We are here to help!
It’s normal to avoid thinking about problems, or even to pretend they don’t exist – but problems have a way of catching up with you. They can hold you back in so many ways, maybe stopping you from reaching your dreams, or even feeling good about yourself and your day-to-day life. Problems can strike you down just when you want to be at your best.

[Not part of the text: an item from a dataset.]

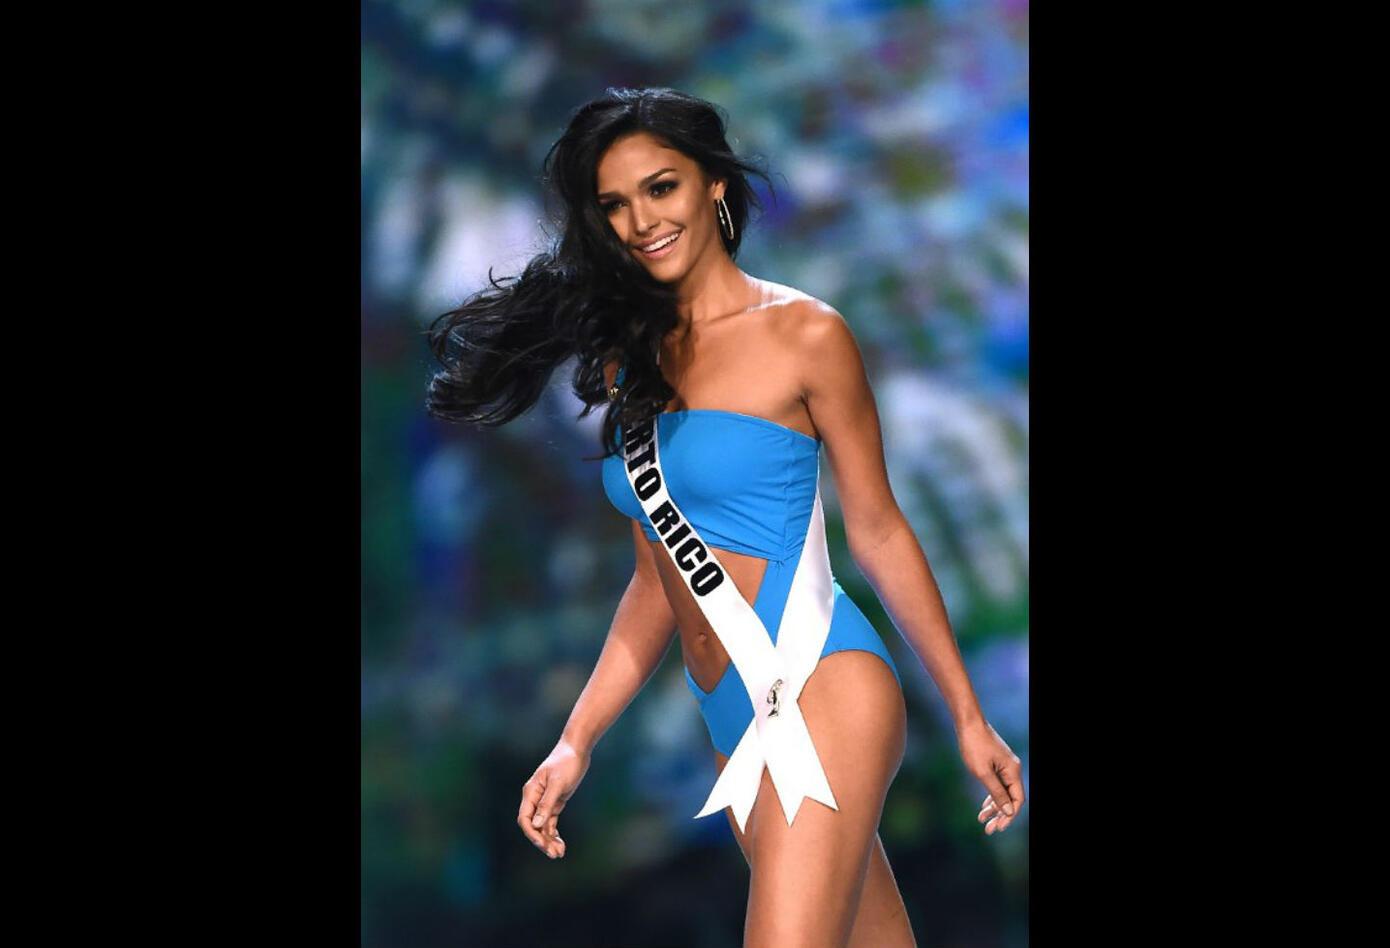 Miss Puerto Rico, Kiara Ortega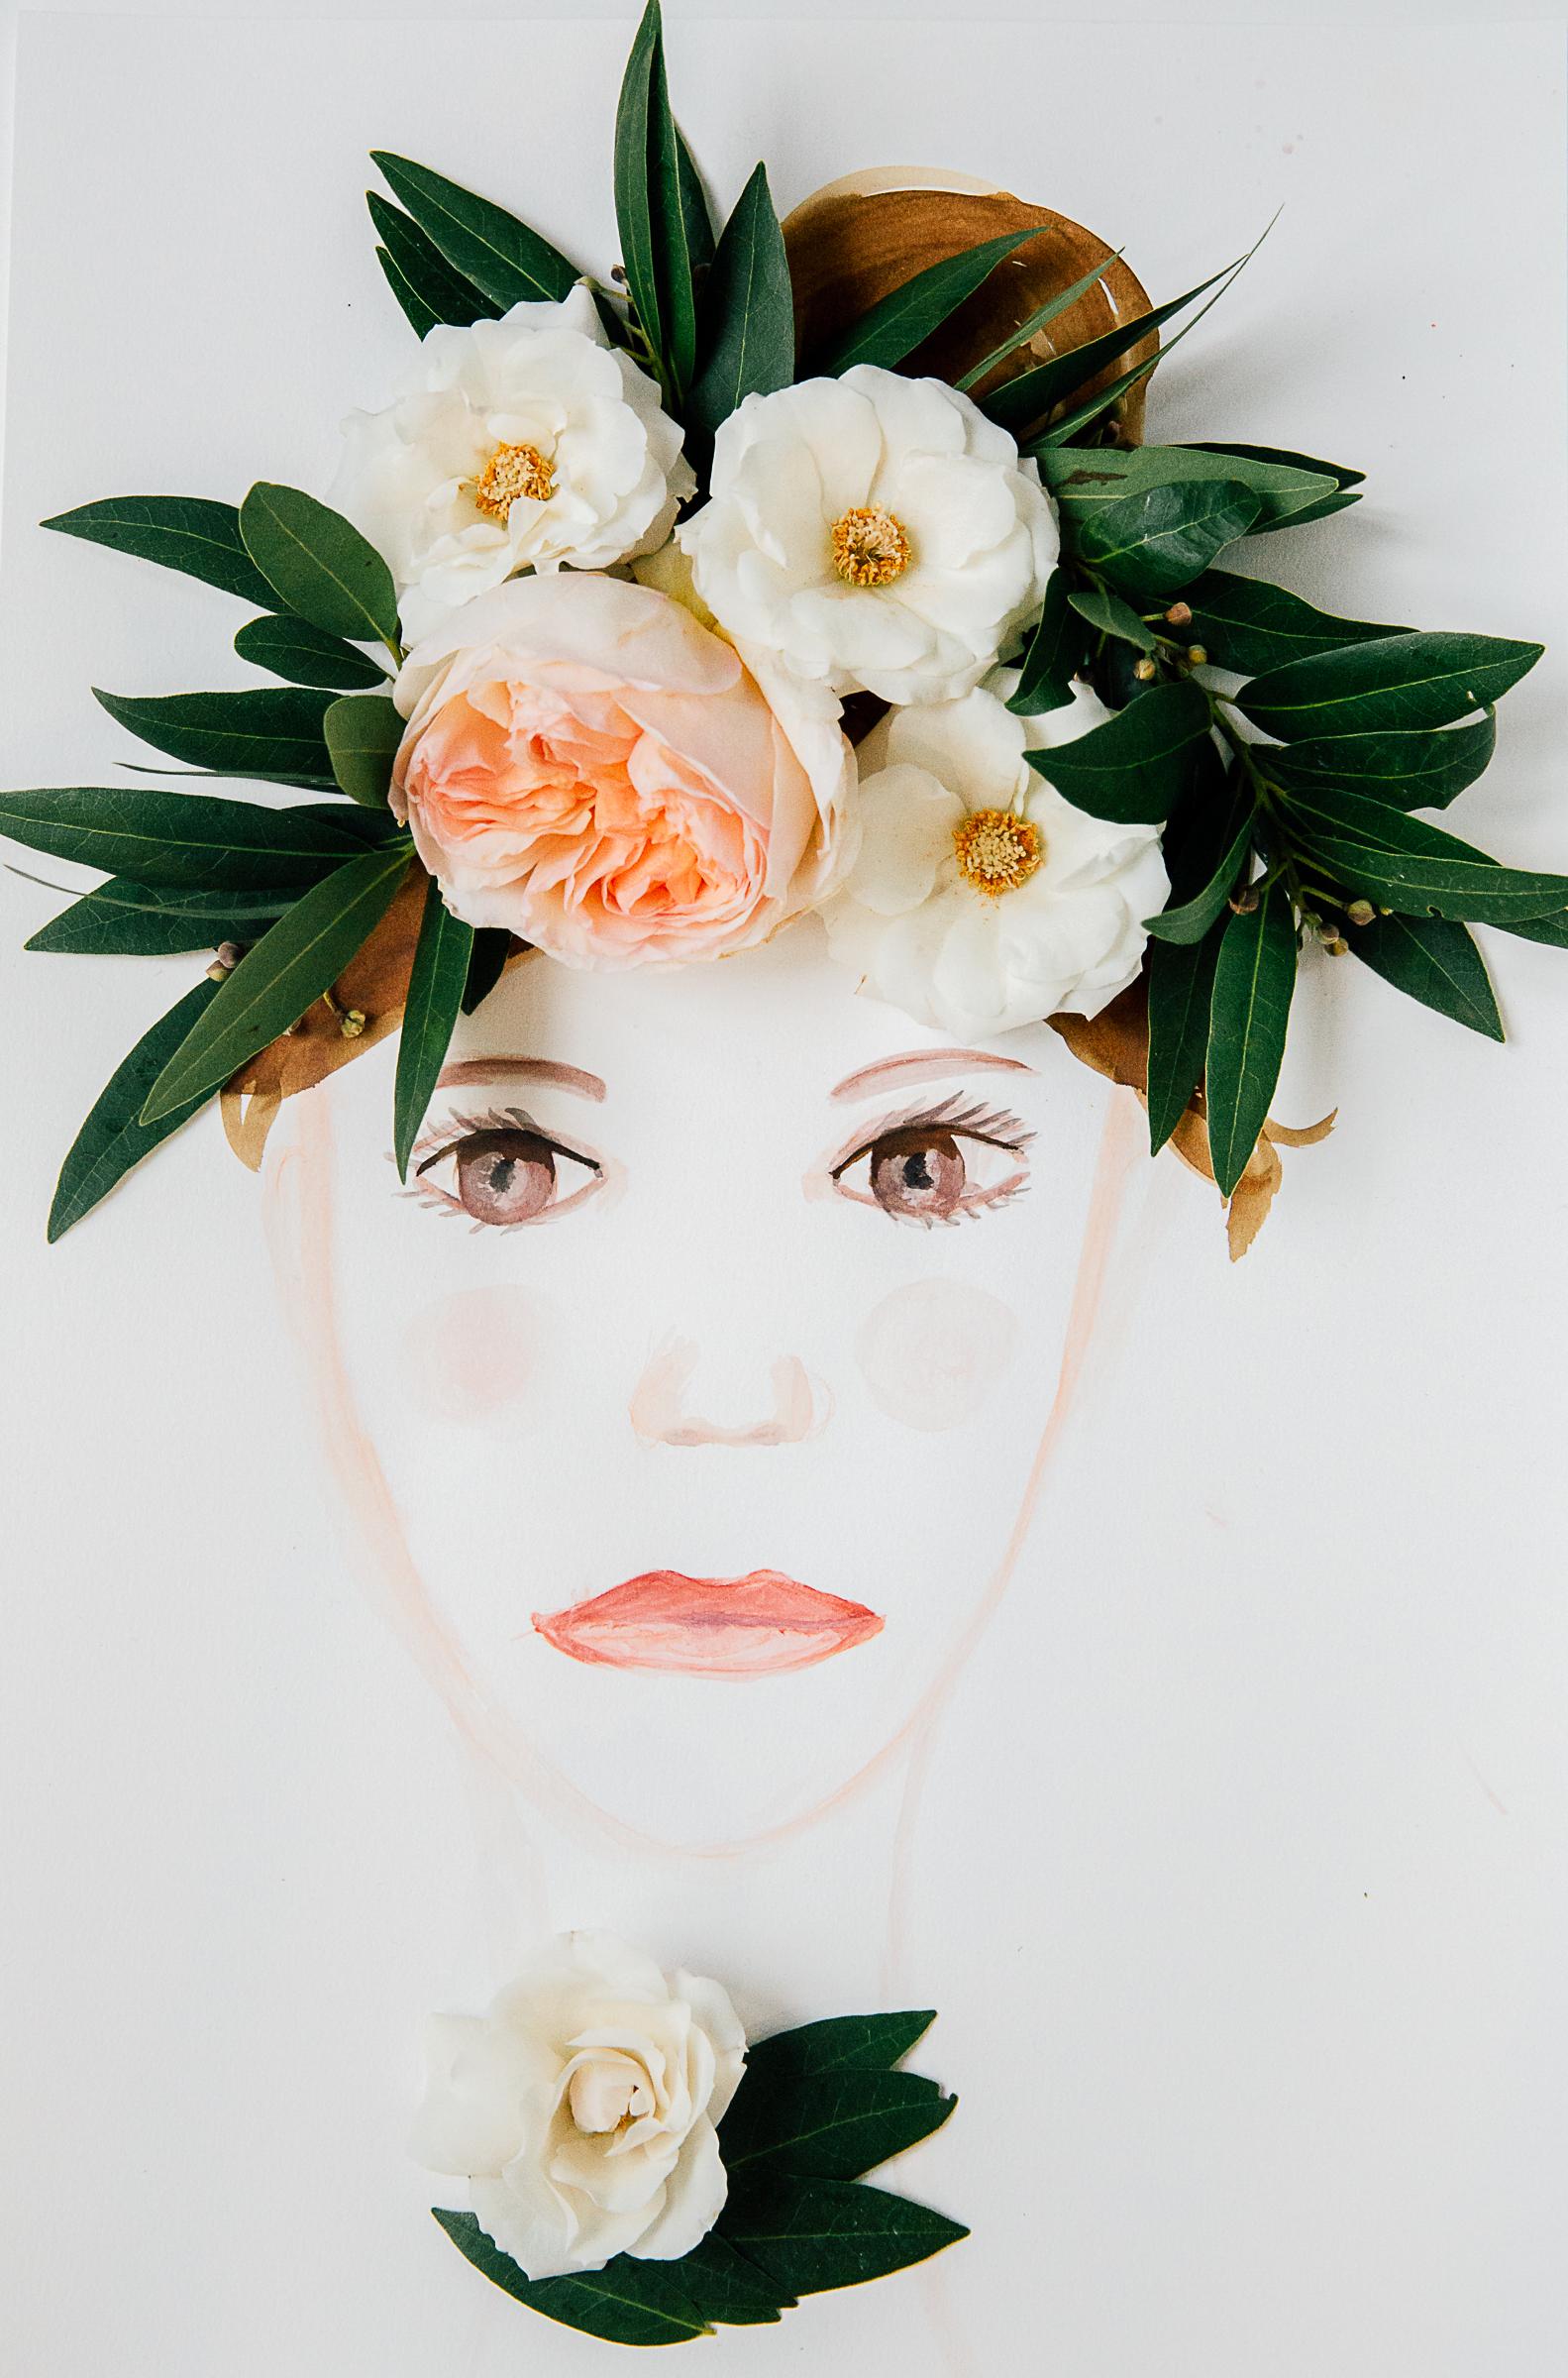 petal-portraits-make-flower-furbish-1029.jpg

Some of us are so good at ignoring difficulties that we don’t even know when there is a problem! Sometimes, it’s an adult who first points out the problem and encourages us to get help. Other times, however, parents and teachers downplay some pretty important signs. They might go down the wrong path, maybe saying you’re looking for attention, or you’re not working hard enough, or you’re making life hard for them, when that’s not your reality at all.
You know yourself best, and deep down, you know when things are good for you and when they’re not. Children’s Mental Health Services is about helping you through those times when things are bumpy, weird, or downright scary.
You don’t need to diagnose yourself, or even know much about what’s bothering you: it’s enough to know that you simply want to talk to a counsellor. Then it’s the counsellor’s job to talk with you in a way that sorts out what’s going on, what the main problem is, and what to do about it.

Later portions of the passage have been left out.